Now we turn to the Blackjack Challenge... I want to scream like Oren did during the commercial, HAHAH! The viewers will never truly know what is going on through the competitors’ minds when they are hitting these shots. Almost no one knows (except those who were there) that we got to hit two practice shots before the actual challenge. It was at that point where I saw Shank hit to Kings for a 20! I remembered the sound of the shots that he hit during the practice and they were the exact same when the challenge began. I was not far off because the 5 he hit just rolled out of the K which would have been a 20. My failure of that challenge was not the decision to hit on 18 but the first shot I hit a 3; HELLO BONEHEAD! When I decided to hit the fourth shot it was for one reason alone: I wanted to hold my own destiny in my own hands. If I chose to not hit that shot and Shank did have 20 I would have never been able to live with myself. The 3 was the first block in front of me. If it were in the middle of the grid I would have maybe stood but again, I wanted to hold my own destiny in my hands. If Shank did not have 15 but had 20 and I decided to hit again I would have looked like a genius but instead I will be forever remembered for the guy who hit on 18! I told myself that if I did not win the show I wanted to be remembered, not by being a clown on the show but just remembered. Boy, did I accomplish that objective!!!

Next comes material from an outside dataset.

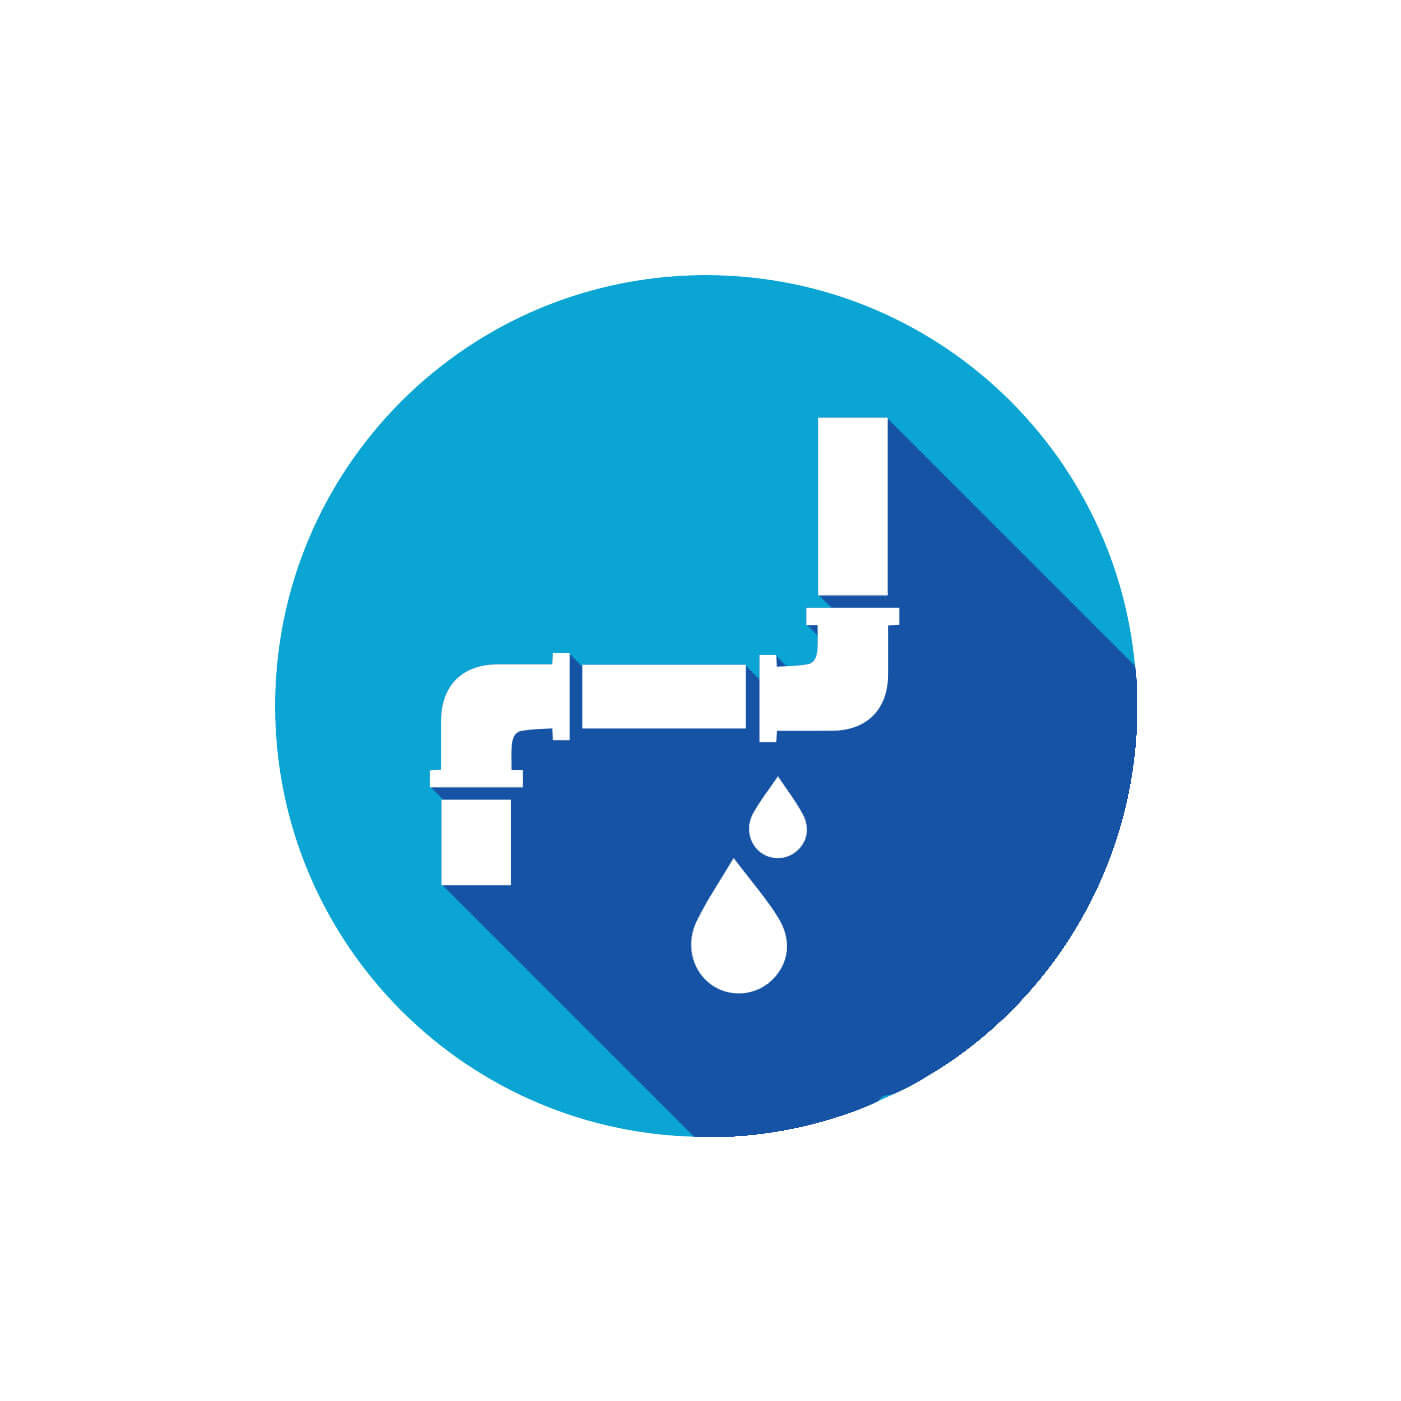 Water supply leak detection

Going into the final challenge with Dave was a chance at redemption for me. He had beaten me in our last three meetings and I wanted an opportunity for a win. David is an unbelievably talented young golfer and I knew beating him was going to be hard since I knew he was going to have at least a half-shot advantage. I was a little surprised when he purchased the half shot but it led me to my suspicion; he was nervous. I was hoping that he remembered the other times he beat me and I could have been possibly due for a win. The first stage was not that hard, Dave hit a great shot and I hit a little 9 iron bump ‘n run that just let out a little more than it should have; now I am 2 shots with Dave at 0! The second stage was a little tough shot, the rough was gnarly off a side hill lie. Dave hit his first one short and then nailed the second one - - HERE WAS MY CHANCE! I needed to hit a one, which I did. Going into the third shot anything could have happened. Dave hits his first one in by an inch or two. If that one would have been out who knows what would have happened... I missed my first one a little right and the second left and stuffed the third one. All Dave needed to do was hit the green form 180 which he did and the match was over... Well done Dave aka Young One... Keep fighting brother, you are going to do great things in the golf world!

As of this week, I will be heading to Afghanistan for another deployment with 3rd Battalion 6th Marines. I once again get the great opportunity to serve with some of the greatest Americans this country produces! Please keep them in your prayers and for a safe return home! Where the rest of my life goes from here will be much clearer after this deployment. The excitement, pain, sorrow etc... that comes with a deployment like this is indescribable but it is what Marines do best. Many of the Marine-isms that I used on the show were for entertainment value but is the mindset of a Marine: One Mind Any Weapon. You do not take your foot off them until the match is over. Yes, it is golf, but you are in a metaphorical 'fight' on the golf course...

To all of the golfers on Big Break Indian Wells, well done gentlemen... You are great golfers so please continue the dream of chasing happiness, to play on the PGA Tour! As Quintus Horatius Flaccus said 'Carpe diem, quam minimum credula postero!” The viewers will never know how close of a group we all became in the short time we were there. You all are truly fine gentlemen and you are part of the reason why I have served my country for the last 18 years.

Finally, I would like to say to my children.. You are great kids and make my life that much more meaningful! I know you do not truly grasp what dad was trying to do on the TV right now but you will later in life. I wanted the opportunity to potentially give my children a life with their dad having to leave with the fear of him never coming home. That is why I was teary-eyed at the end of the show; I felt like I let them down... I love you JoJo and KiKi more than you will ever know!!!